The (ss) next to the channel name indicates that the channel has semantic search enabled. 

```shell
yt-fts list
```

```
┏━━━━┳━━━━━━━━━━━━━━━━━━━━━━━┳━━━━━━━┳━━━━━━━━━━━━━━━━━━━━━━━━━━┓
┃ ID ┃ Name                  ┃ Count ┃ Channel ID               ┃
┡━━━━╇━━━━━━━━━━━━━━━━━━━━━━━╇━━━━━━━╇━━━━━━━━━━━━━━━━━━━━━━━━━━┩
│ 1  │ ChessPage1 (ss)       │ 19    │ UCO2QPmnJFjdvJ6ch-pe27dQ │
│ 2  │ 3Blue1Brown           │ 127   │ UCYO_jab_esuFRV4b17AJtAw │
│ 3  │ george hotz archive   │ 410   │ UCwgKmJM4ZJQRJ-U5NjvR2dg │
│ 4  │ The Tim Dillon Show   │ 288   │ UC4woSp8ITBoYDmjkukhEhxg │
│ 5  │ Academy of Ideas (ss) │ 190   │ UCiRiQGCHGjDLT9FQXFW0I3A │
└────┴───────────────────────┴───────┴──────────────────────────┘

```

## `search`
Full text search for string in saved channels.

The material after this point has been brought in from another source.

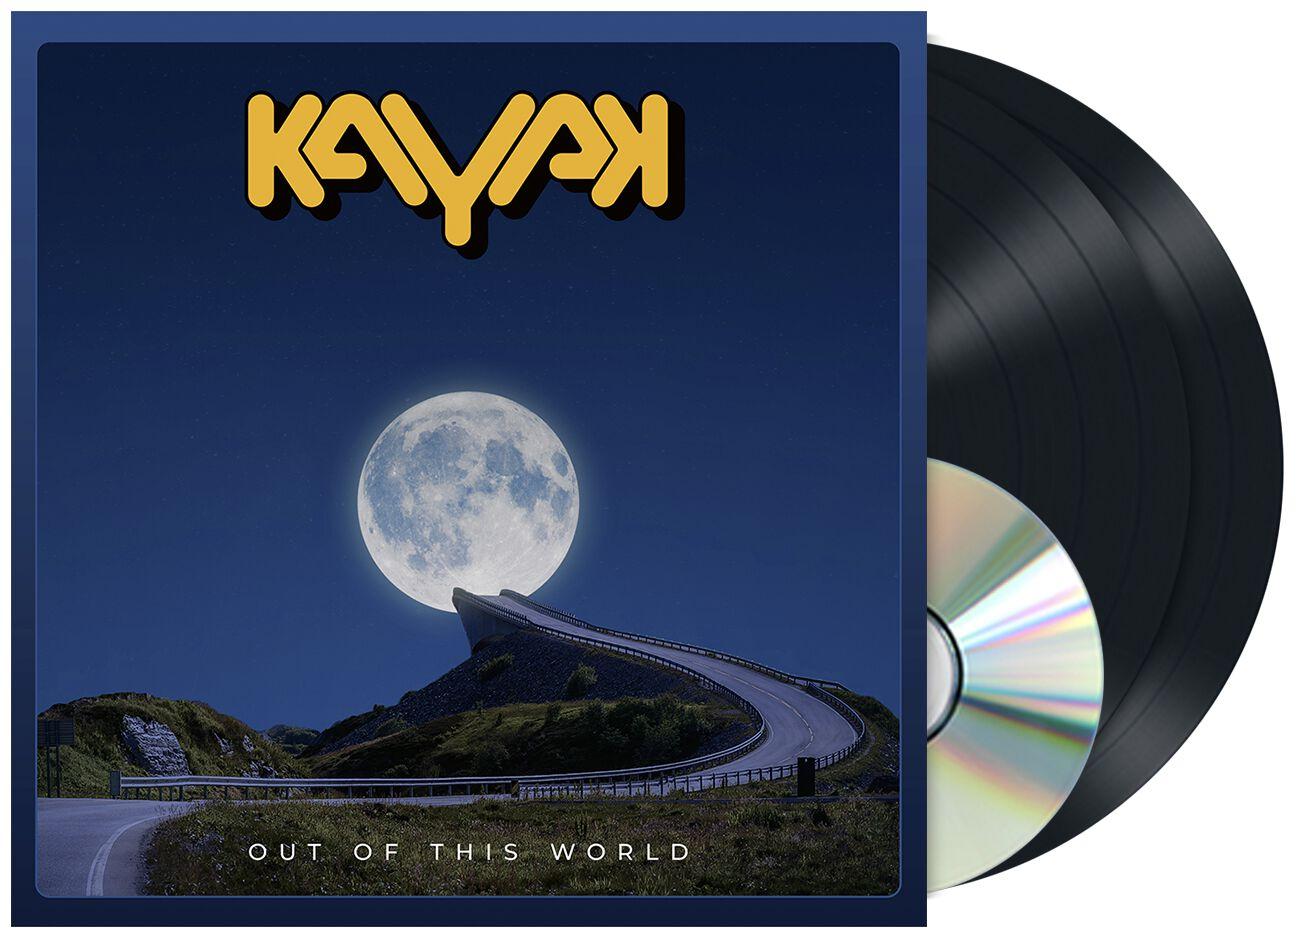 Image of Kayak Out of this world 2-LP & CD schwarz

- The search string does not have to be a word for word and match 
- Search strings are limited to 40 characters. 

```bash
# search in all channels
yt-fts search "life in the big city" 

# search in specific channel
yt-fts search "life in the big city" --channel "The Tim Dillon Show" 

# search in specific channel by id
yt-fts search "life in the big city" -c 4
```

```
"Dennis would go hey life in the big city"

    Channel: The Tim Dillon Show
    Title: 154 - The 3 AM Episode - YouTube
    Time Stamp: 00:58:53.789
    Video ID: MhaG3Yfv1cU
    Link: https://youtu.be/MhaG3Yfv1cU?t=3530
```

**Search in video**

```bash
yt-fts search "text to search" --video [VIDEO_ID]
```

**Advanced Search Syntax**

The search string supports sqlite [Enhanced Query Syntax](https://www.sqlite.org/fts3.html#full_text_index_queries).
which includes things like [prefix queries](https://www.sqlite.org/fts3.html#termprefix) which you can use to match parts of a word.  

```bash
yt-fts search "rea* kni* Mali*" --channel "The Tim Dillon Show" 
```
output:
```
"real knife fight down here in Malibu I"

    Channel: The Tim Dillon Show
    Title: #200 - Knife Fights In Malibu | The Tim Dillon Show - YouTube
    Time Stamp: 00:45:39.420
    Video ID: e79H5nxS65Q
    Link: https://youtu.be/e79H5nxS65Q?t=2736
```


## `vsearch`
Vector search, requires that you enable semantic search for a channel with `get-embeddings`. 
It has the same options as `search` but output will be sorted by similarity to the search string
and the return limit is 10. 

```
yt-fts vsearch "deep quote by russian author" --channel "Academy of Ideas"
```

```
"the great Russian author Fyodor Dostoevsky above all don't 
lie to yourself he wrote the man who lies to"

    Distance: 0.25210678577423096
    Channel: Academy of Ideas - (UCiRiQGCHGjDLT9FQXFW0I3A)
    Title: The Psychology of Self-Deception - YouTube
    Time Stamp: 00:10:01.749
    Video ID: Uig8Lw7ixI0
    Link: https://youtu.be/Uig8Lw7ixI0?t=598
```

## How To

**Export search results:**
For both the `search` and `vsearch` commands you can export the results to a csv file with 
the `--export` flag. and it will save the results to a csv file in the current directory. 
```bash
yt-fts search "life in the big city" --export
yt-fts vsearch "existing in large metropolaten center" --export
```

**Delete a channel:**
You can delete a channel with the `delete` command. 

```bash
yt-fts delete --channel "3Blue1Brown"
```


**Update a channel:**
The update command currently only works for full text search and will not update the 
semantic search embeddings. 

```bash
yt-fts update --channel "3Blue1Brown"
```

--- 
# Semantic Search via OpenAI embeddings API 
You can enable semantic search for a channel by using the `get-embeddings` command.
This feature requires an OpenAI API key set in the environment variable `OPENAI_API_KEY`, 
or you can pass the key with the `--openai-api-key` flag. 


## `get-embedings`
Fetches OpenAI embeddings for specified channel
```shell
yt-fts get-embeddings --channel "3Blue1Brown"
```

After the embeddings are saved you will see a `(ss)` next to the channel name when you 
list channels and you will be able to use the `vsearch` command for that channel.